Mi madre y mi hermana han dicho toda la vida "se fue la leche" cuando hervía y nadie la sacaba del fuego a tiempo.
Parece que por donde vive Cbes no es así.


----------



## duvija

Adolfo Afogutu said:


> ¿Y no dejó dicho a dónde iba?  No, duvi, no recuerdo haberla escuchado.



Claro, a casa de su madre, la vaca. Creo que en Buenos Aires también se dice así.
(Uh, veo que Gamen dijo que también)


----------



## cacarulo

Cbes said:


> Como ya dijeron mis compatriotas por acá la leche al hervir se vuelca.
> Saludos



Me alegra (dentro del nivel de alegría que puede darme esto, jaja) que compartas la idea de que se vuelca aun cuando no hay intervención humana.
_Rebalsar_ y _derramar_ me suenan muy técnicas o, más bien, muy afectadas.
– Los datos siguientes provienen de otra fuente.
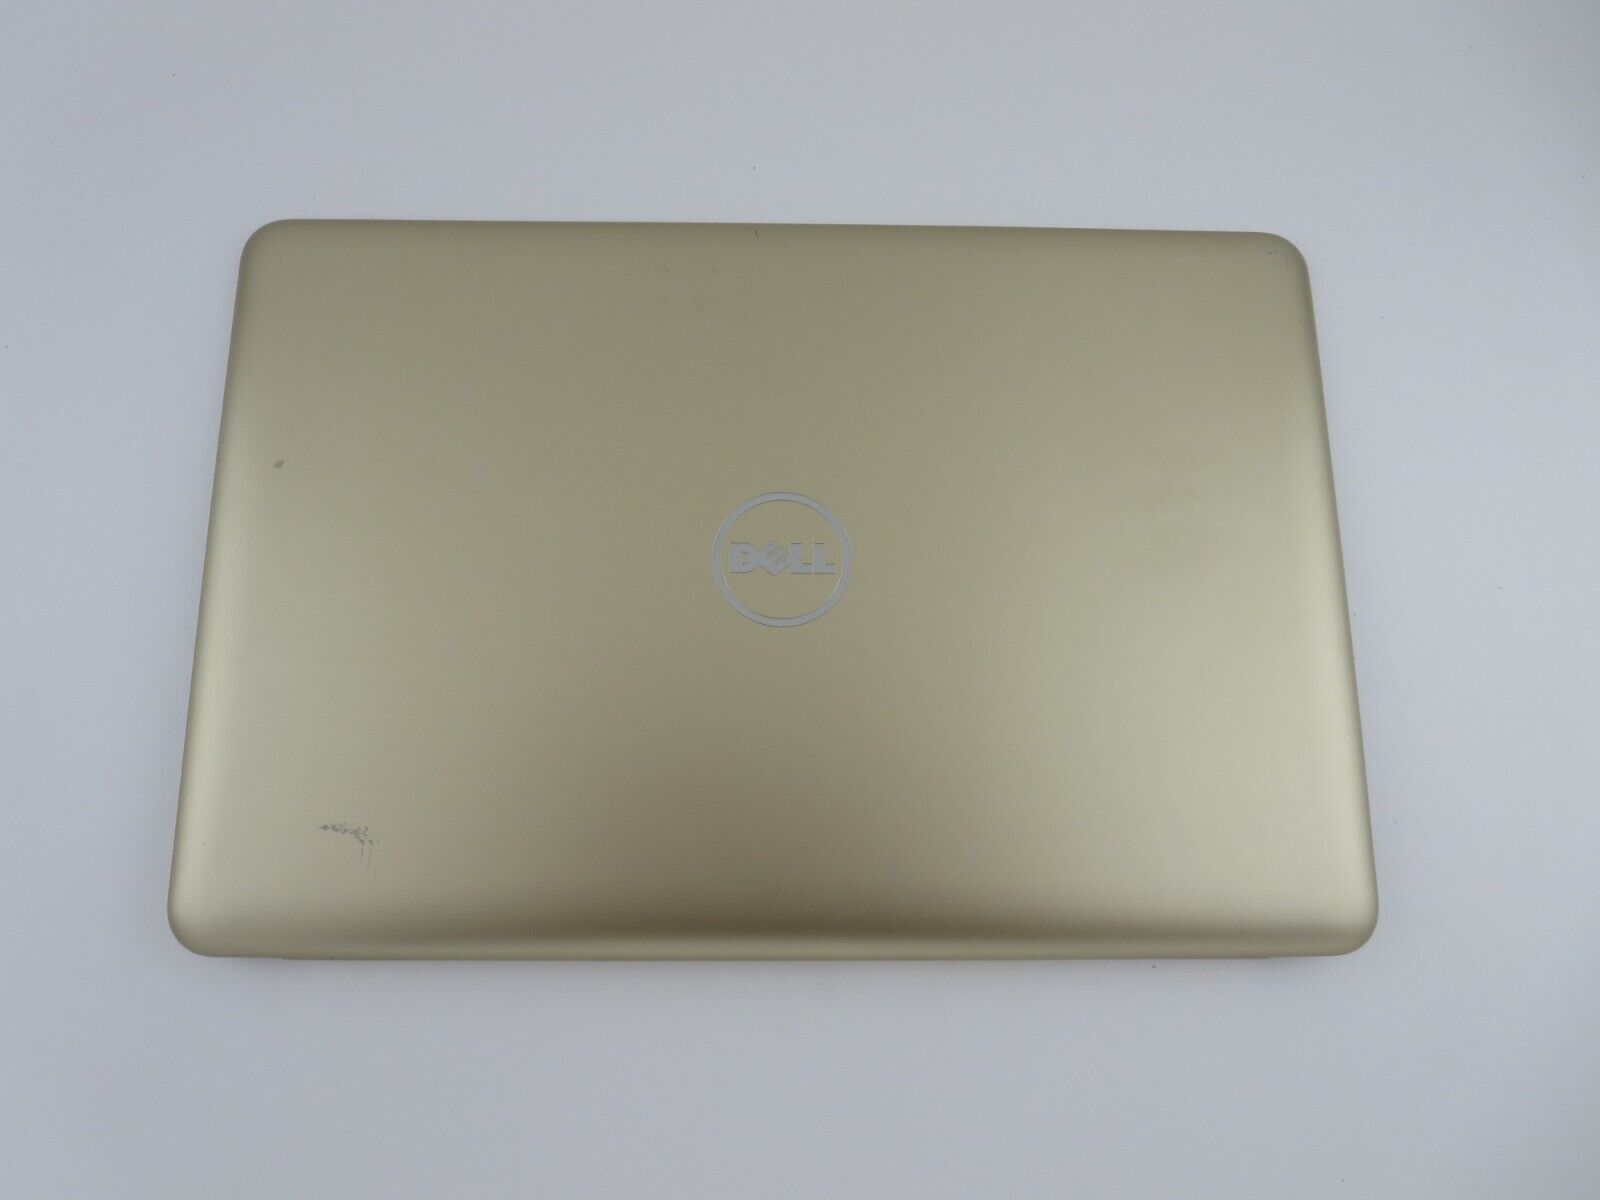 Primary image for OEM Dell Inspiron 17 5767 / 5765 Gold LCD Back Cover Lid - K5YCJ 0K5YCJ 526

Pero tal vez sea sólo una cuestión de oído.


----------



## Gamen

cacarulo said:


> Me alegra (dentro del nivel de alegría que puede darme esto, jaja) que compartas la idea de que se vuelca aun cuando no hay intervención humana.
> _Rebalsar_ y _derramar_ me suenan muy técnicas o, más bien, muy afectadas. Pero tal vez sea sólo una cuestión de oído.



Veo que con la "leche hervida" hay diferencias, aún dentro de Buenos Aires. 
"Volcarse" no lo usaría para el caso que estamos tratando, pero vos y Cbes sí.


----------



## Cbes

Gamen said:


> Mi madre y mi hermana han dicho toda la vida "se fue la leche" cuando hervía y nadie la sacaba del fuego a tiempo.
> Parece que por donde vive Cbes no es así.


Nací y pasé mi infancia en la patagonia, mi adolescencia en la costa atlántica (MdP) y luego vine a Córdoba, y nunca escuché a alguien decir que se le "fué" la leche, pero cada casa es un mundo así que probablemente no he coinidido en donde usen ese término.



cacarulo said:


> Me alegra (dentro del nivel de alegría que puede darme esto, jaja) que compartas la idea de que se vuelca aun cuando no hay intervención humana.
> _Rebalsar_ y _derramar_ me suenan muy técnicas o, más bien, muy afectadas. Pero tal vez sea sólo una cuestión de oído.


 100% de acuerdo


----------